I never asked how Sonny knew the situation or how bad Josh was hurt. I’m guessing his experience and the fear in my voice let him know how bad it was. “Gary, get on this cart with me and show me where he is. Eric, call outside and tell them to get an ambulance on the way and send the first responders.”

I was full of fear and guilt as we traveled back down the entry to Josh. It could have been me picking up those supplies. I could be trapped under rock and I could be dead.

When we arrived at the accident, Sonny learned that Josh was alive, but unconscious. He tried to talk to him to wake him up. It didn’t work. The others from the crew arrived and we all worked together using slate bars and railroad jacks to remove the rock. Josh had a pulse, he was breathing, but when they checked him they found feces and bleeding inside of his coveralls.

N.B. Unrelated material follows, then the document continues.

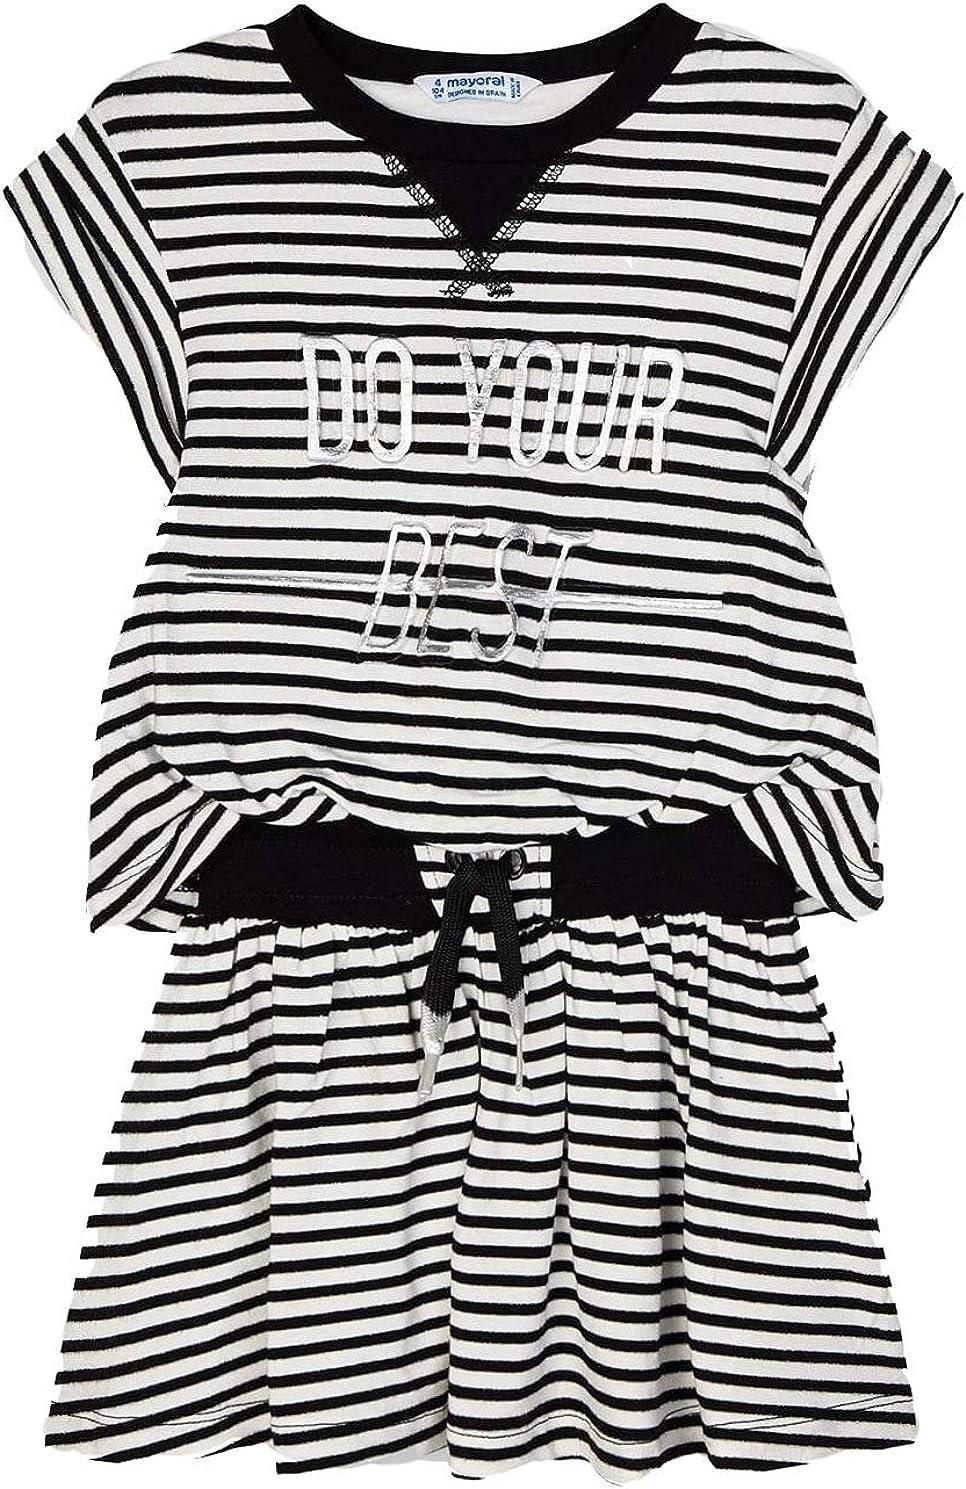 Mayoral - Dress for Girls - 3966, Black

That meant that he was seriously hurt.

As they placed him on the backboard and carried him away, I began to feel sick. I lost the soda and snack cake from my morning break. And I thought I had lost my old friend from youth group.

Josh survived, but he was never the same. He couldn’t work. He lived in pain. Pain pill addiction, alcohol abuse, and financial troubles followed.

I lost a good friend, a good coal miner, and a small piece of myself.

Gary Bentley is a former underground coal miner from Eastern Kentucky.